В тот день я был более-менее трезв. Но его письмо в сочетании с этими жалкими горчичными пятнами, отпечатавшимися на листах рукописи, заставили меня двинуться прямиком к бару. Как говорится: «Круг не прошел — двести долларов не получаешь. Двигайся прямо в бар».[1]
— А что еще он писал? — спросила жена агента. Рассказ все больше и больше завораживал ее. Она наклонилась вперед, перегнувшись через собственный немалых размеров живот в позе, напомнившей жене писателя щенка Снупи,[2] влезшего на свою будку и изображающего горного орла.
— На этот раз всего две строчки про рассказ. Мол, вся заслуга принадлежит форниту… и мне. Идея с колбасой, мол, просто великолепна. Ракне от нее в полном восторге, и как следствие…

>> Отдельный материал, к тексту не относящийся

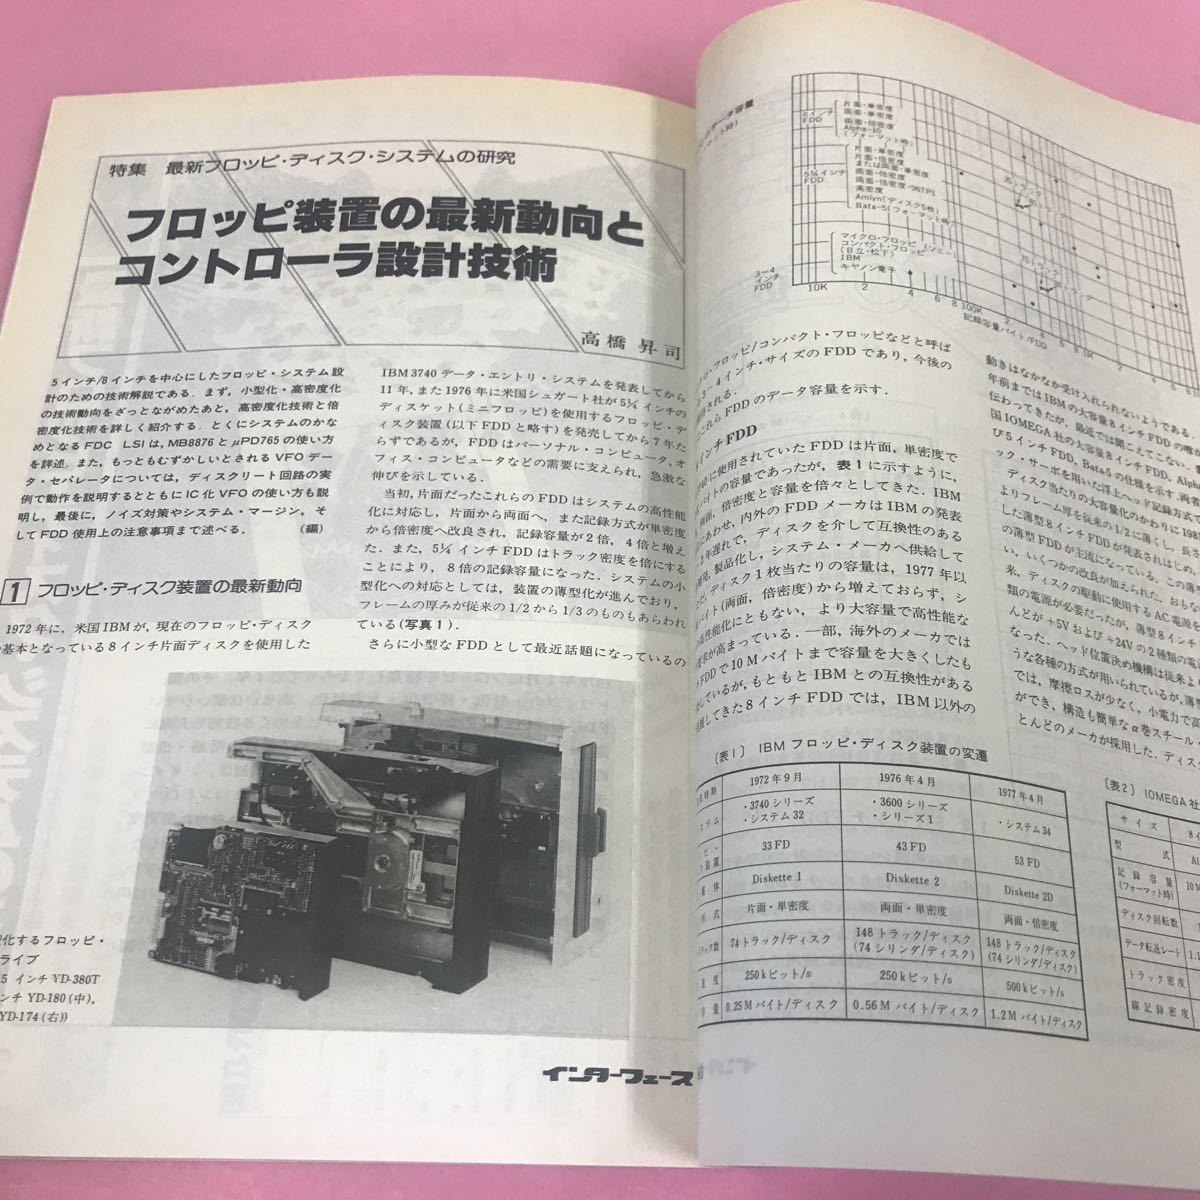 A04-078 インターフェース 1983年5月号 最新フロッピ・ディスク・システムの研究 PDP-11を1チップ化したMICRO/J-11 付録なし_画像3
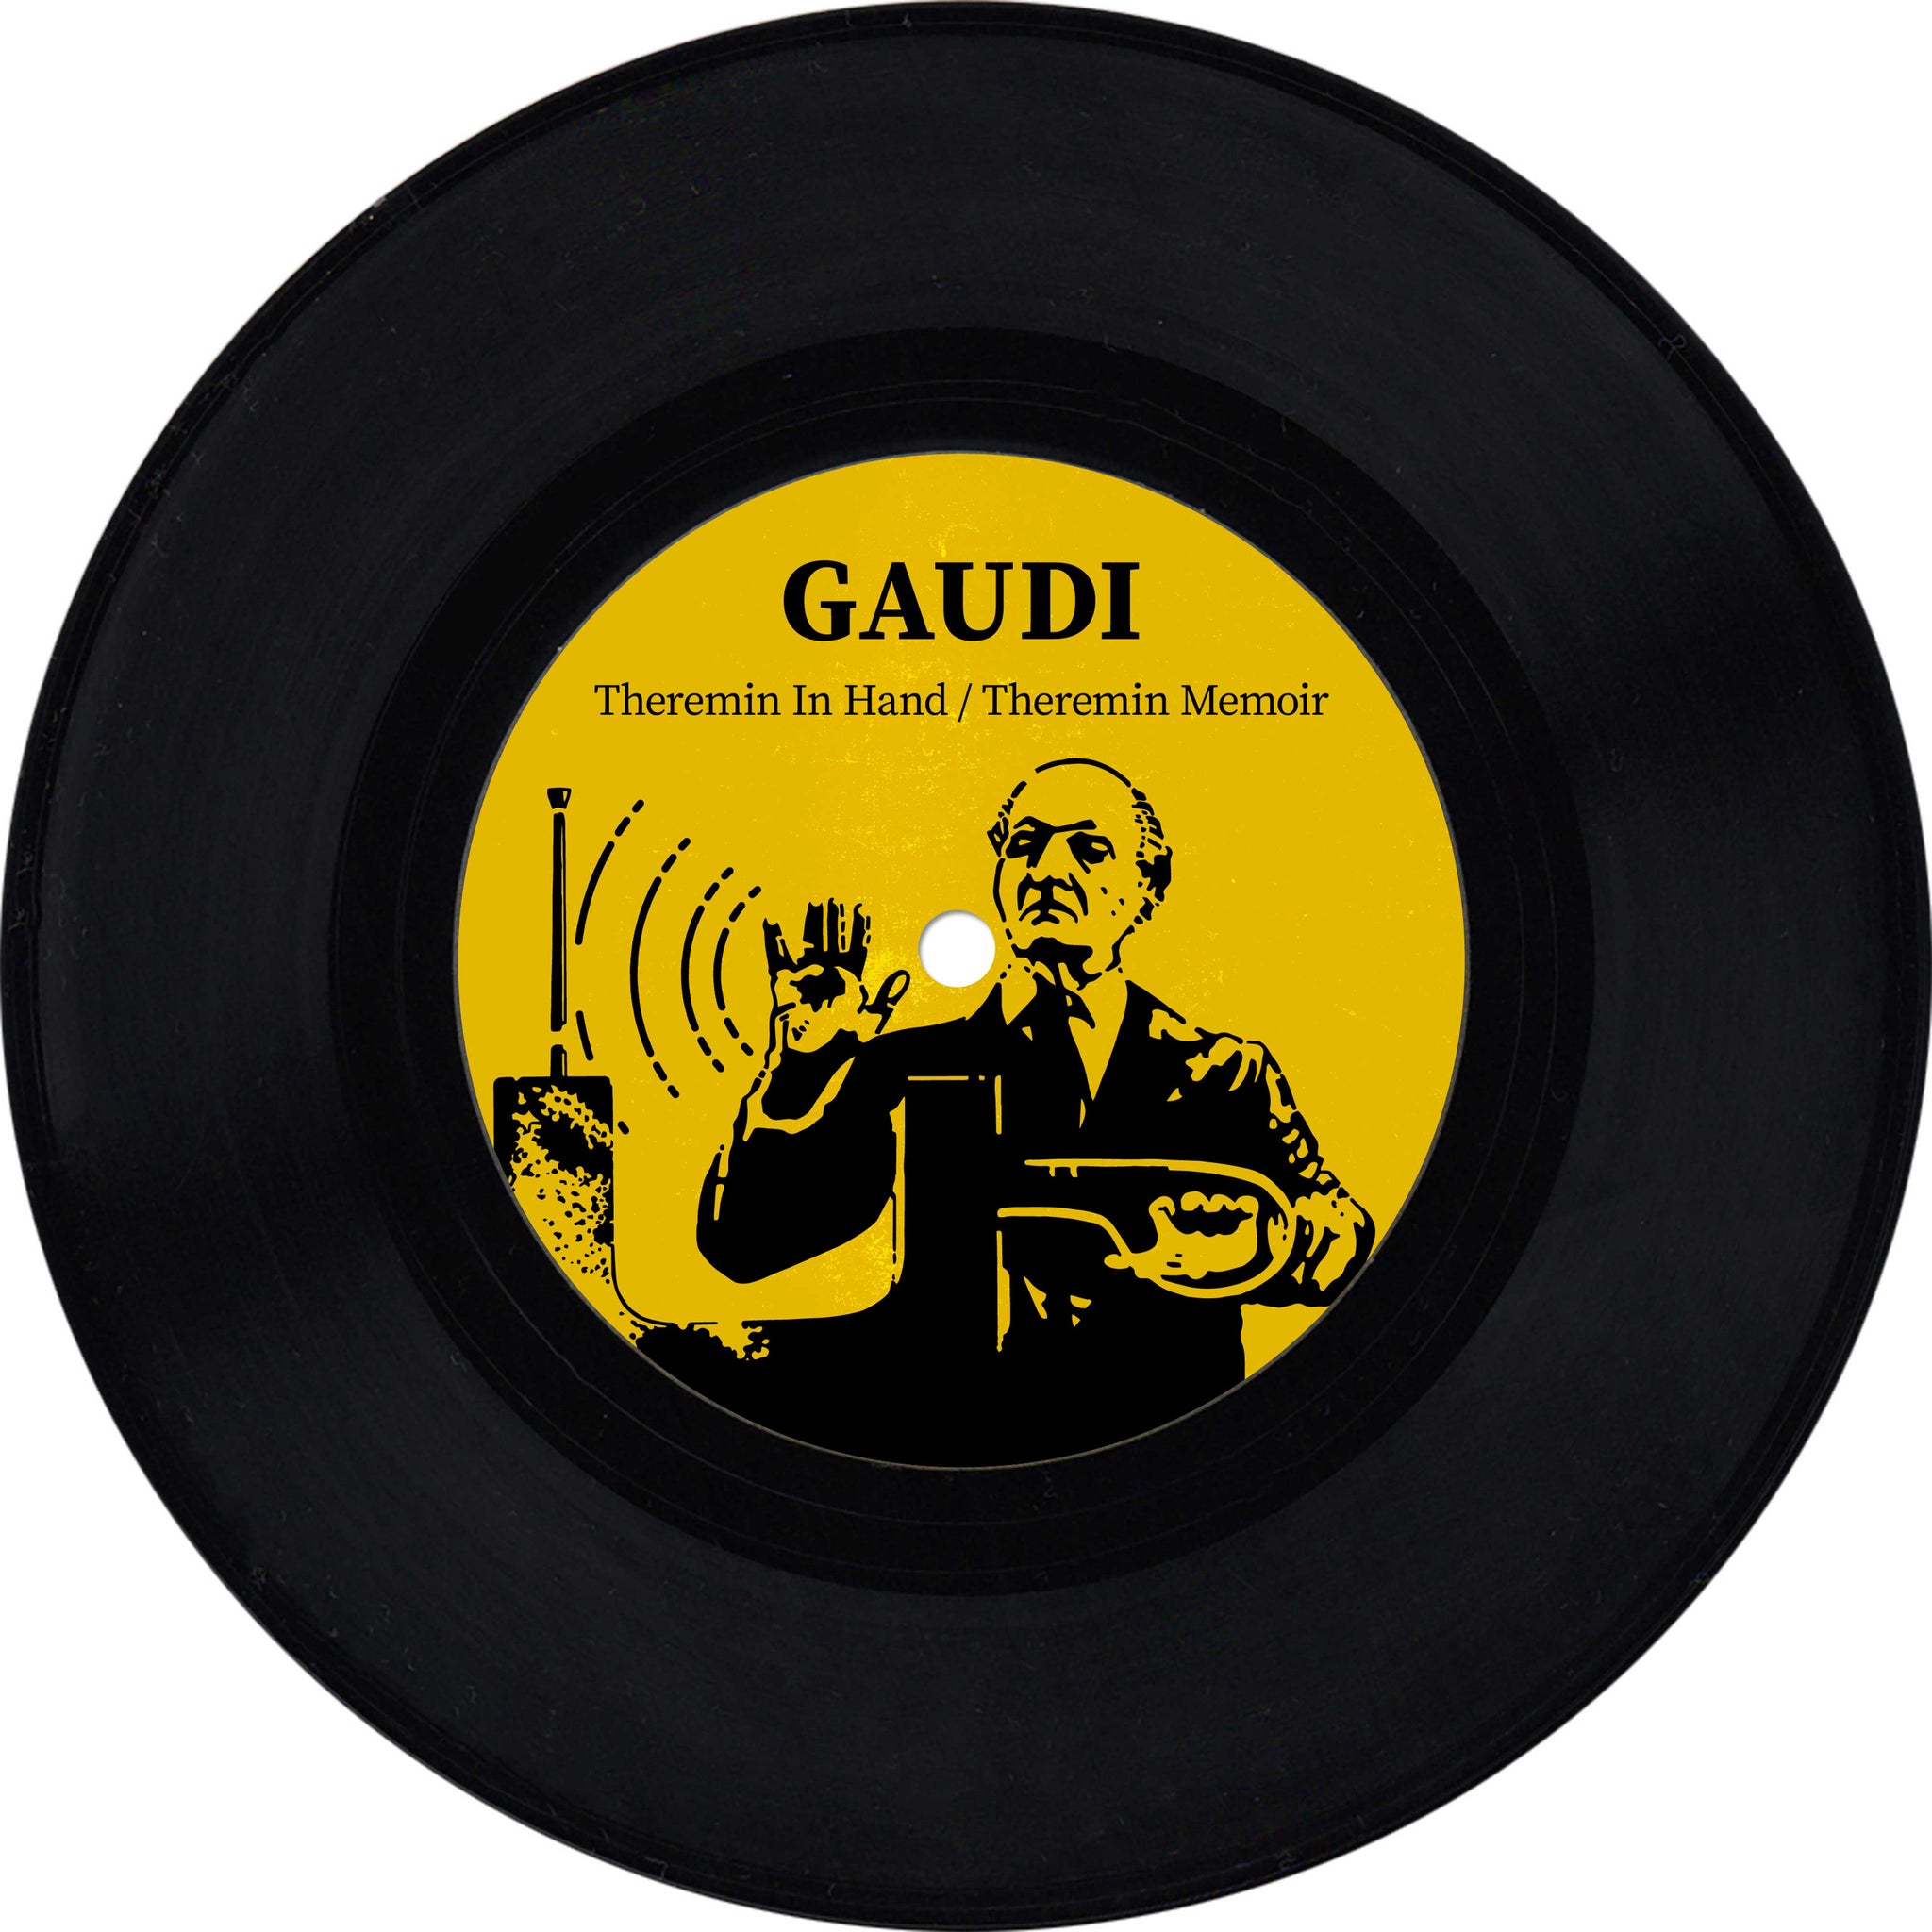 Gaudi - Theremin in Hand / Theremin Memoir (7" Vinyl)

— Ракне? — переспросил писатель.
— Это имя форнита, — ответил редактор. — Ракне. И как следствие, Ракне серьезно помог ему с доработкой рассказа. А все остальное в письме — настоящий параноидный бред. Вы такого в жизни никогда не читали.
— Рег и Ракне… Союз, заключенный на небесах, — произнесла жена писателя, нервно хихикнув.
— Вовсе нет, — сказал редактор. — У них сложились чисто рабочие отношения. Ракне был мужского пола.
— Ладно, расскажи нам, что было дальше в письме.
— Это письмо я наизусть не помню. Для вас же, может быть, лучше. Даже ненормальность начинает через некоторое время утомлять. Рег писал, что их молочник — из ЦРУ. Почтальон — из ФБР. Рег видел у него в сумке с газетами револьвер с глушителем. Люди в соседнем доме просто какие-то шпионы: у них фургон с аппаратурой для слежки. В угловой магазин за продуктами он больше ходить не осмеливается, потому что его хозяин — андроид. Он, мол, и раньше это подозревал, но теперь совсем уверен. Рег заметил перекрещивающиеся провода у него на черепе под кожей в том месте, где хозяин магазина начал лысеть. А засоренность дома радием в последнее время значительно повысилась: по ночам он замечает в комнатах слабое зеленоватое свечение.
Письмо его заканчивалось следующими строками. «Я надеюсь, Генри, Вы напишете мне и расскажете о Вашем отношении (и Вашего форнита) к врагам. Уверен, что контакт с Вами — явление весьма не случайное. Я бы сказал, это спасательный круг, посланный (Богом? Провидением? Судьбой? — любое слово на Ваш выбор) в самый последний момент.
Человек не может в одиночку долго сопротивляться тысяче врагов. Но вот наконец узнаешь, что ты не один… Видимо, я не сильно преувеличу, если скажу, что общность происходящего с нами — это единственное, что спасает меня от полного краха. Мне нужно знать, преследуют ли враги Вашего форнита так же, как моего? Если да, то как Вы с ними боретесь? Если нет, то, как Вы думаете, почему? Повторяю, мне очень нужно это знать».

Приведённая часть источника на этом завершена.